# Single remote for hidden system



## nzlowie (Sep 29, 2012)

Hi guys

Just about to move into a new house, the previous owner has his surround amp and STB in a cupboard away from the location of the TV. He mentioned the receiver controls the remote duties? I've never really had any luck with remote repeaters.
It appears he has one remote for the TV and thats it, no repeater or anything else I can see.

Spoke to him about it and he said I could buy his system..... no thanks, sure I can work something out with a bit of help from the crew. 

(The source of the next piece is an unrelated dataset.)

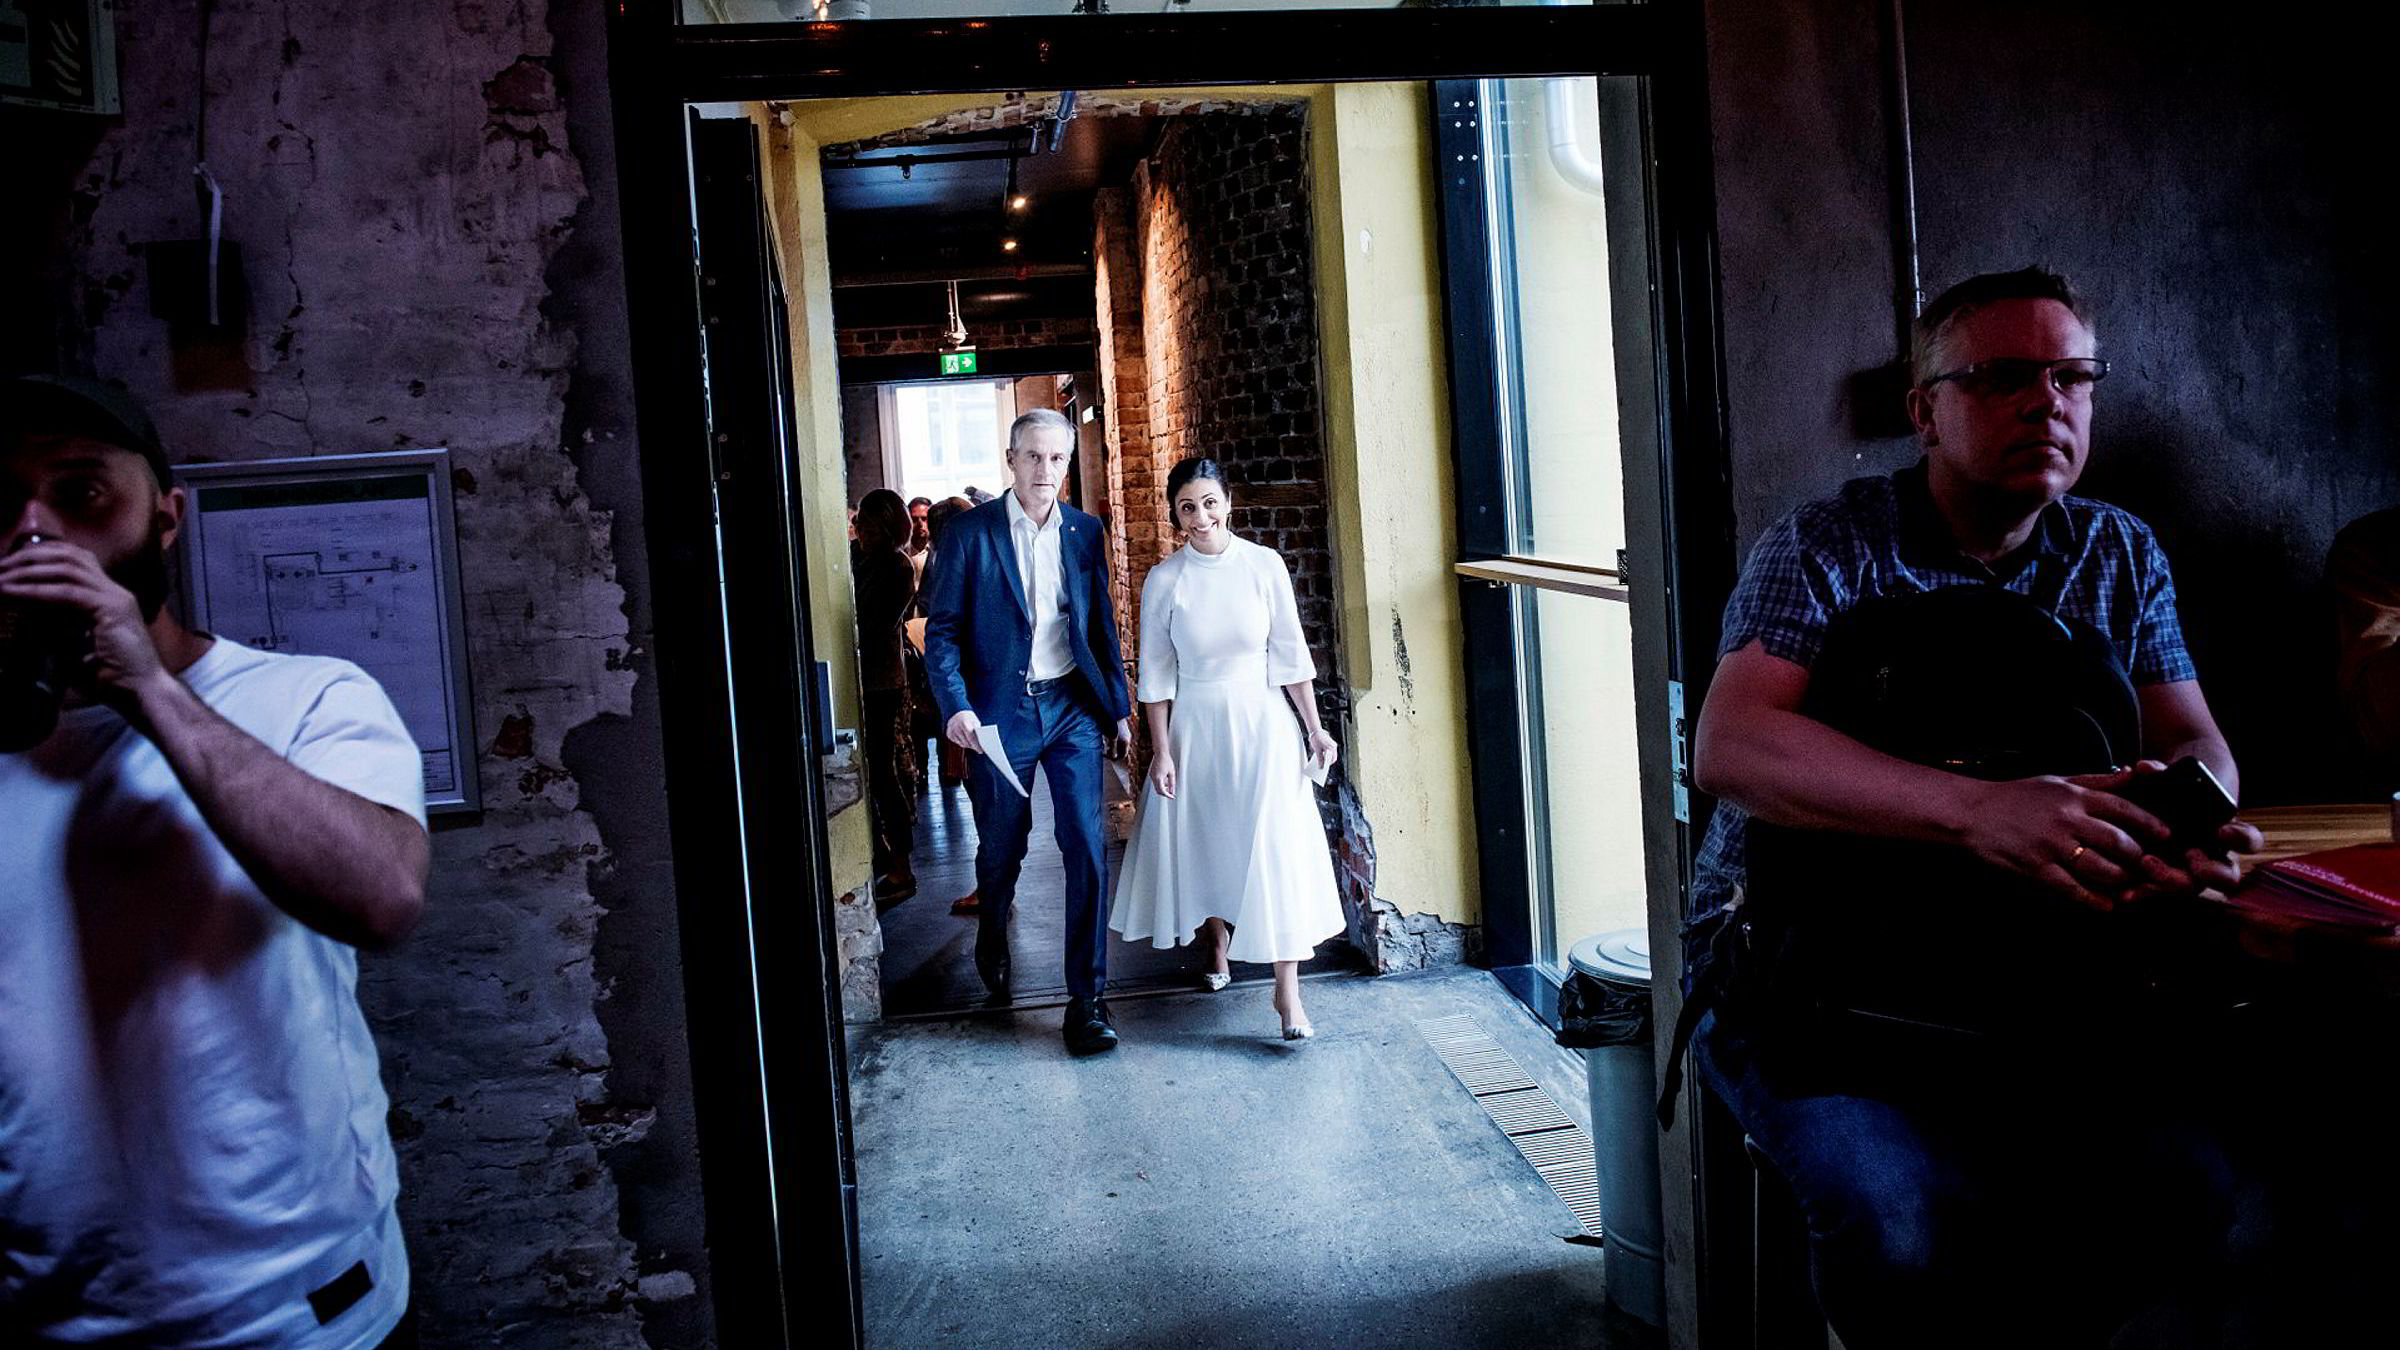 Arbeiderpartiets leder Jonas Gahr Støre og nestleder Hadia Tajik gikk inn i et mørkt rom på Kulturhuset i Oslo for å oppsummere et ganske mørkt halvår for partiet.

I'm into 2 channel so not really up to speed with HT.

Cheers Dave


----------



## Wayne A. Pflughaupt (Apr 13, 2006)

If the equipment is located away from the listening position, and / or is in an enclosed cabinet that doesn’t have a glass door, then you will either need an IR repeater system, or equipment that can operate with an RF remote.

Regards,
Wayne A. Pflughaupt


----------



## microware1970 (Jan 29, 2013)

Check out the Logitech Harmony Elite. It has a touchscreen remote that is RF to a hub that is a IR blaster and has incredible reach. It also includes two IR emitters that plug into the hub. You could discretely mount the hub outside the cabinet where it has line-of-sight to the tv (for source and menu control, etc.) and let the emitters do their thing inside the cabinet. Or the other way around if that's more aesthetic in your set up. The nice thing is the hub will also control many home automation devices too like Phillips HUE Bulbs, Samsung smart things hub, etc. I have mine programmed to control even my LED light strips by using the "Learn" function and the original LED remote. A FLIRC allows me to perform simple HTPC functions too - Next, Previous, Play, Pause, etc. Takes some creativity but works well. Battery life is not great, but I keep the charger right on the end table and just store it there every night. Last thing, the vertical charging station is MUCH more robust and makes contact much better than the old horizontal cradles. Those were terrible. Short of getting into the full-blown URC stuff and programming hex codes, this does a great job.


----------